New headwords a reader must add at each tier: DCC core 1000 → Cicero, Divinatio in Caecilium → MGH Libelli de Lite.

1 · Dickinson (DCC) Latin Core

foundation · all eras

997 headwords — the starting vocabulary

The 1000 most frequent words across canonical Latin. Covers ~85% of the running words in the Divinatio.

↓ add

2 · Cicero, Divinatio in Caecilium

1st c. BCE · classical

+466 new headwords beyond the core

One short forensic speech — 5,818 running words, 73 sections. Mostly judicial vocabulary (accuso, quaestor, accusator).

↓ add

3 · MGH Libelli de Lite

11th–12th c. · medieval

+5,026 new headwords beyond core + Divinatio

764-page multi-author collection — ~378,000 running words.

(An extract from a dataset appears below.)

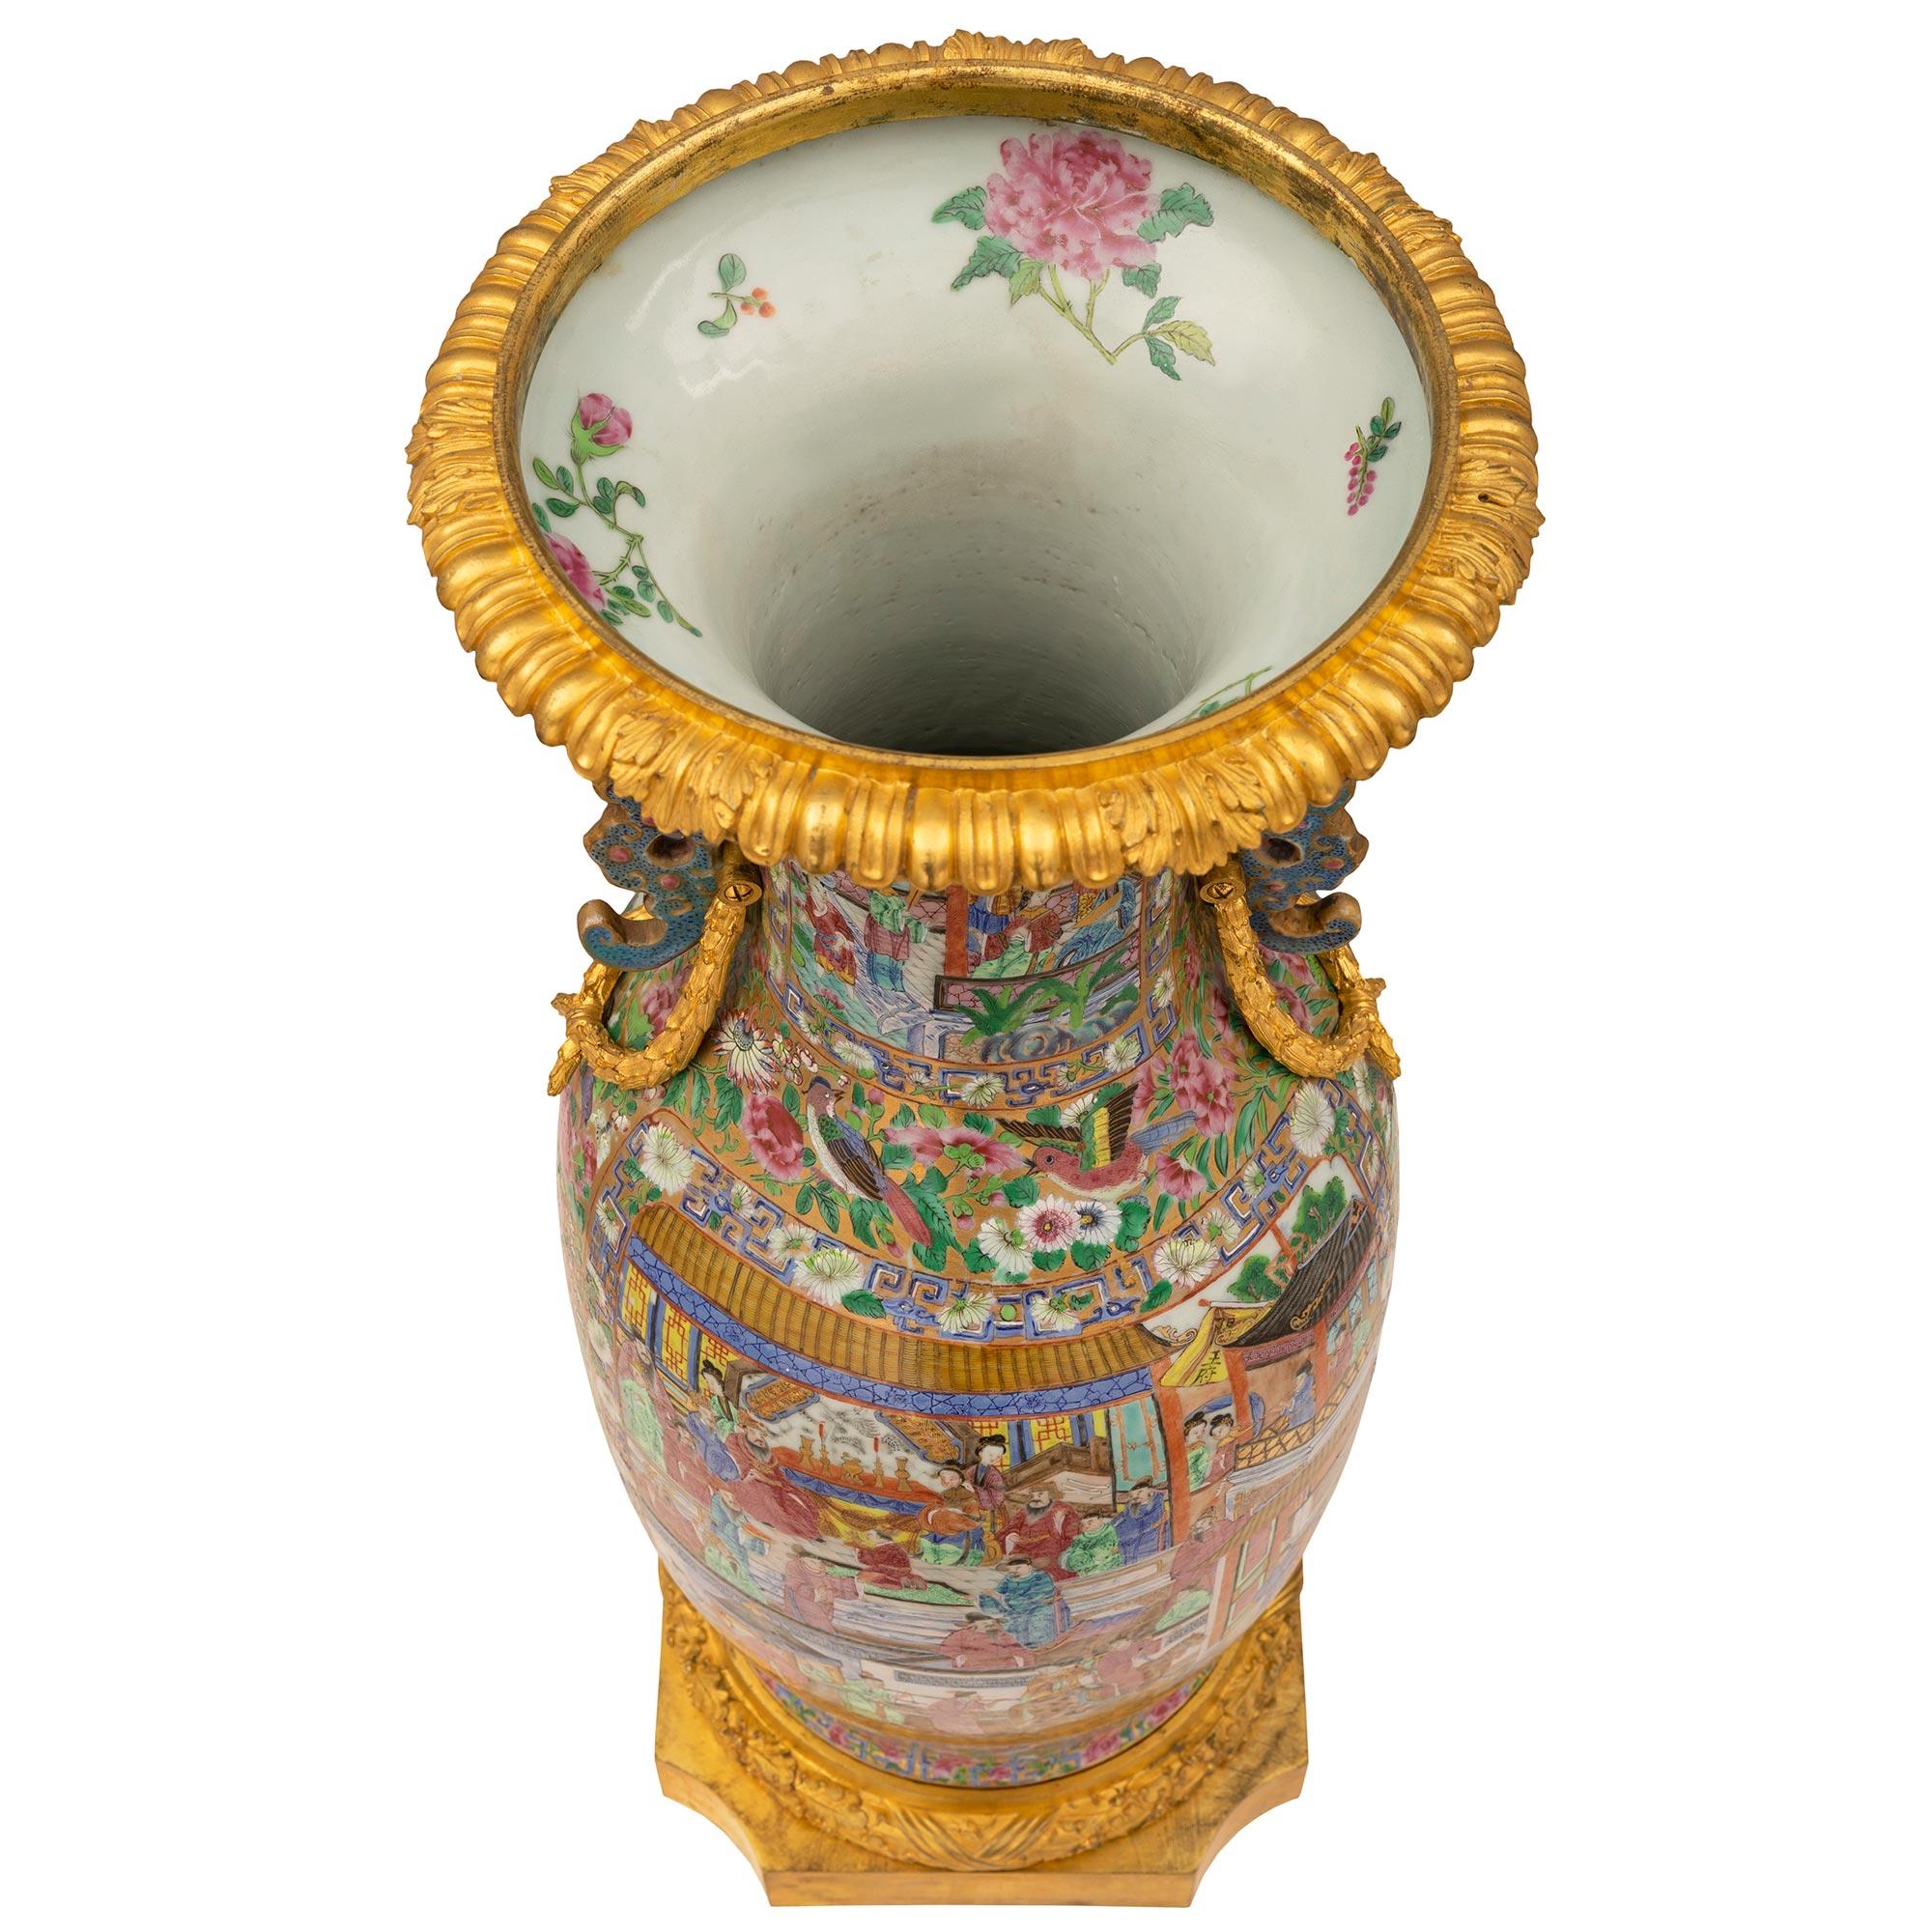 Une belle urne en porcelaine Famille Rose de style Louis XVI de haute qualité, de collaboration française et asiatique, datant du 19ème siècle. L'urne est surélevée par une fine base carrée en bronze doré avec des coins concaves et une bande de

A different, ecclesiastical lexicon (episcopus, ecclesia, papa, concilium, canon). Estimate: ~26% of OCR tokens unrecognised.

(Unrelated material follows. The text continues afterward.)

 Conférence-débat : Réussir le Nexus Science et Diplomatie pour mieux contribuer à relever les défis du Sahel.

New headwords added at each tier

DCC core 997; Divinatio +466; Libelli de Lite +5,026.

Cumulative vocabulary you must know

997
+466
+5,026
DCC core · 997 Divinatio · running total 1,463 Libelli de Lite · running total ≈6,489
The Libelli jump is ~10× the Divinatio's, driven by length, many authors, and a medieval church lexicon — but it is front-loaded: about 30% of the 5,026 new words occur only once, while the top ~300 new headwords already cover half of all new-word occurrences and the top ~1,000 cover ~77%. The active learning core is a few hundred ecclesiastical terms with a long rare tail.

Method & caveats. Texts lemmatised with the Latin-macronizer morphological database (enclitic splitting, frequency disambiguation, capitalisation-based proper-noun routing); compared against the DCC Latin Core (997 headwords). Divinatio from clean Perseus XML (robust to ±5–10). The Libelli is noisy Internet Archive OCR in medieval orthography, so its figure is an estimate — read 5,026 as “on the order of 5,000 classical-recognisable headwords”; apparatus abbreviations, Roman numerals, and medieval spellings (aecclesia=ecclesia) limit precision in both directions. Source: DCC Latin Core Vocabulary.